What to do | Start at the line with "White Christmas Chords" in the records below, stop at the line with "Kivik Omena ja", and return every line in that span exactly, the two end lines included.

Entries supplied START

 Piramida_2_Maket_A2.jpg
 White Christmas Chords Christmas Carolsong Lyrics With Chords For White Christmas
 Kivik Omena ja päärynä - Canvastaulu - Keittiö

Entries supplied END
Entries supplied START

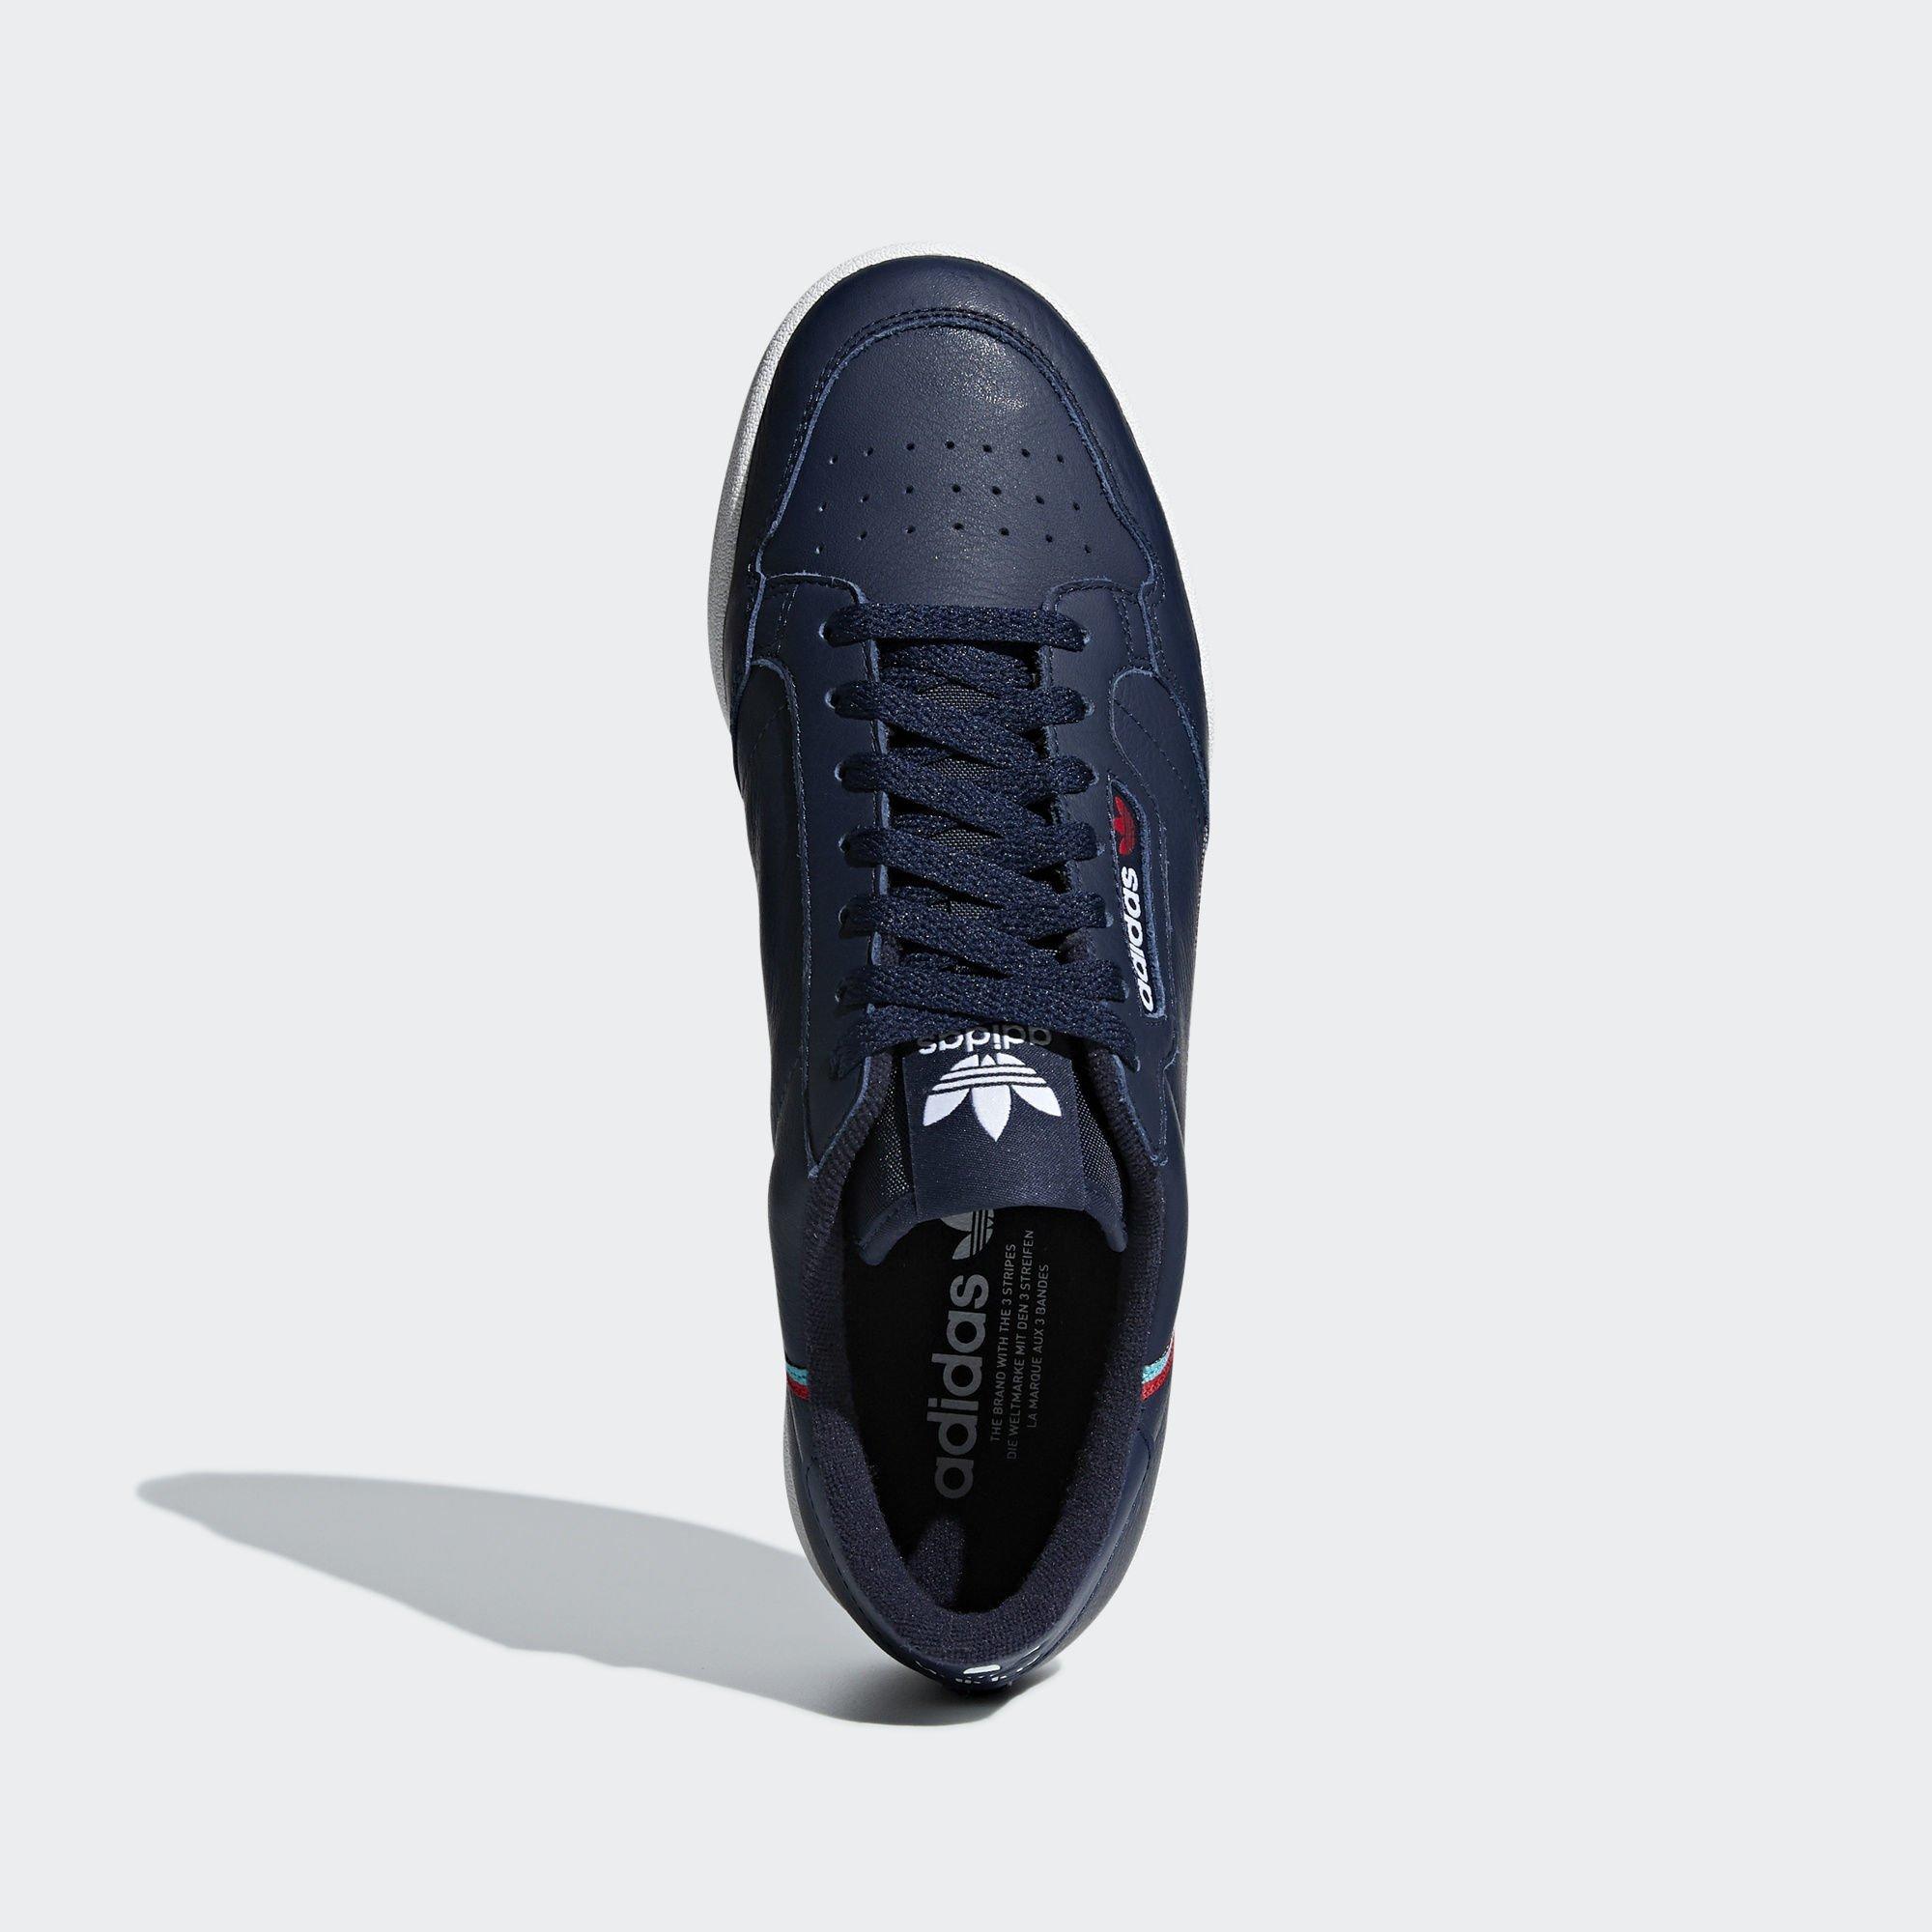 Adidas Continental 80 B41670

Entries supplied END
Entries supplied START

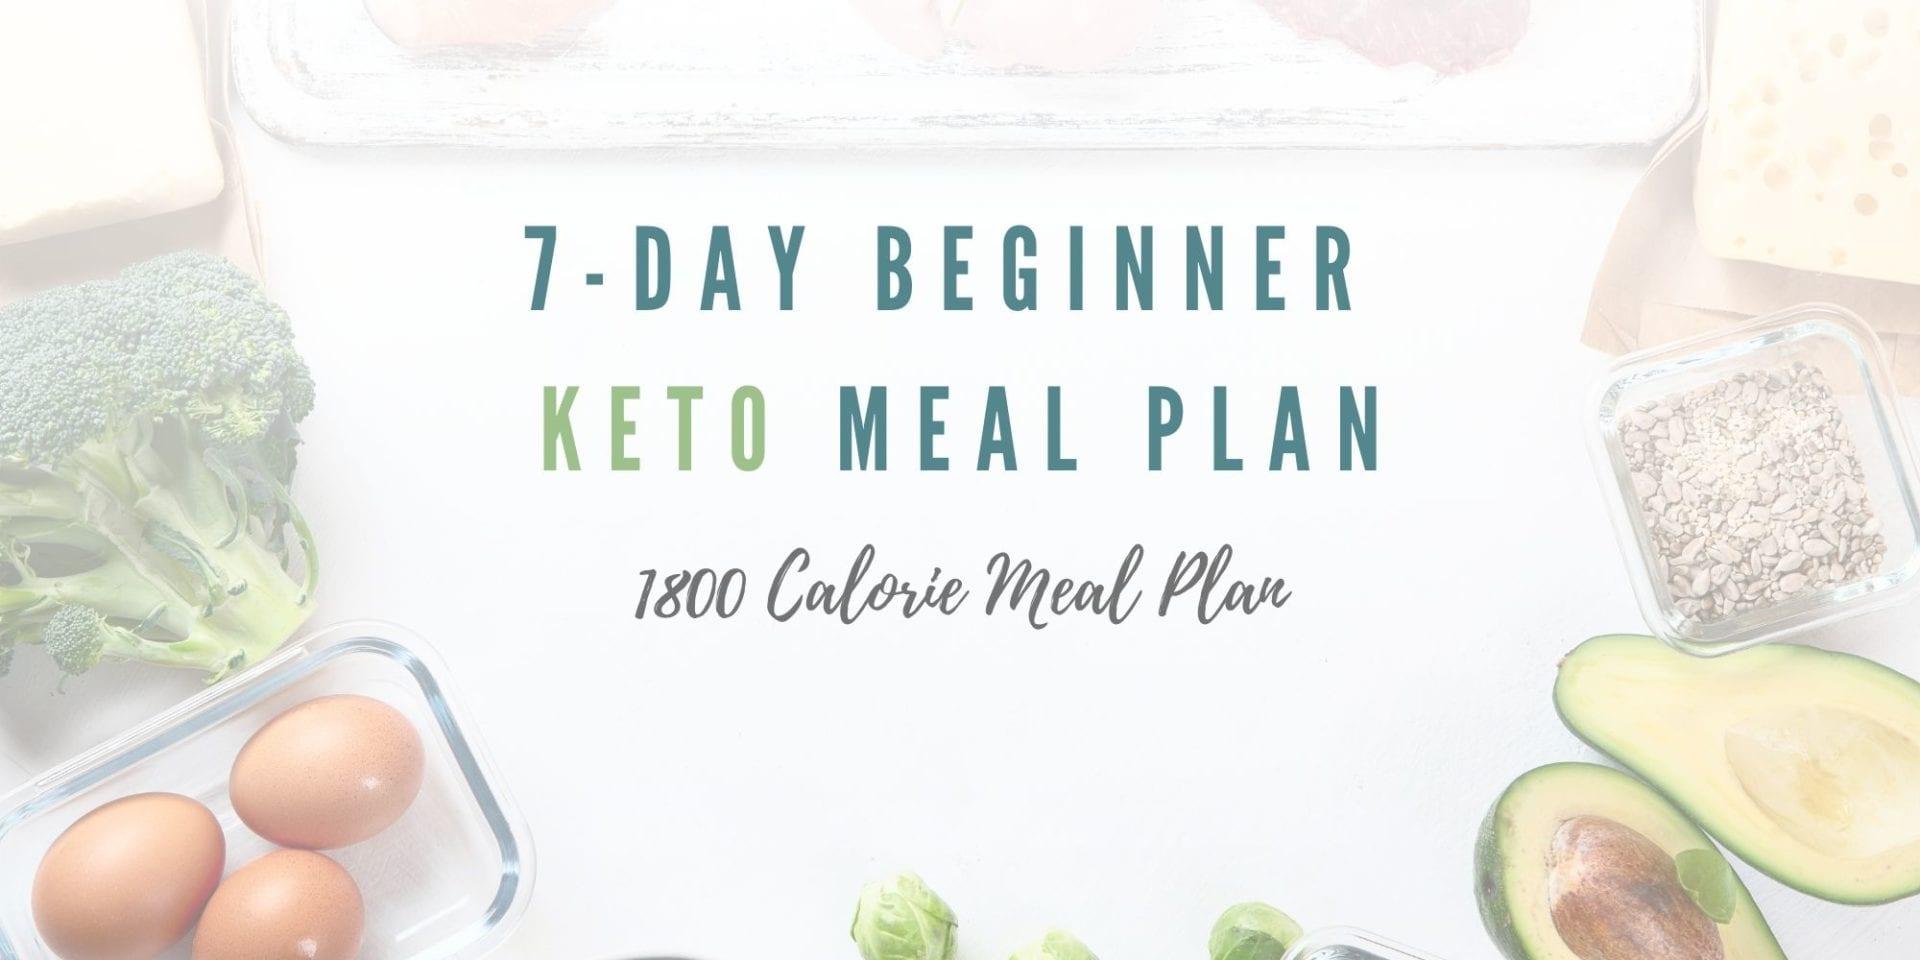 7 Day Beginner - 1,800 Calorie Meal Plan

Entries supplied END

Your response |
 White Christmas Chords Christmas Carolsong Lyrics With Chords For White Christmas
 Kivik Omena ja päärynä - Canvastaulu - Keittiö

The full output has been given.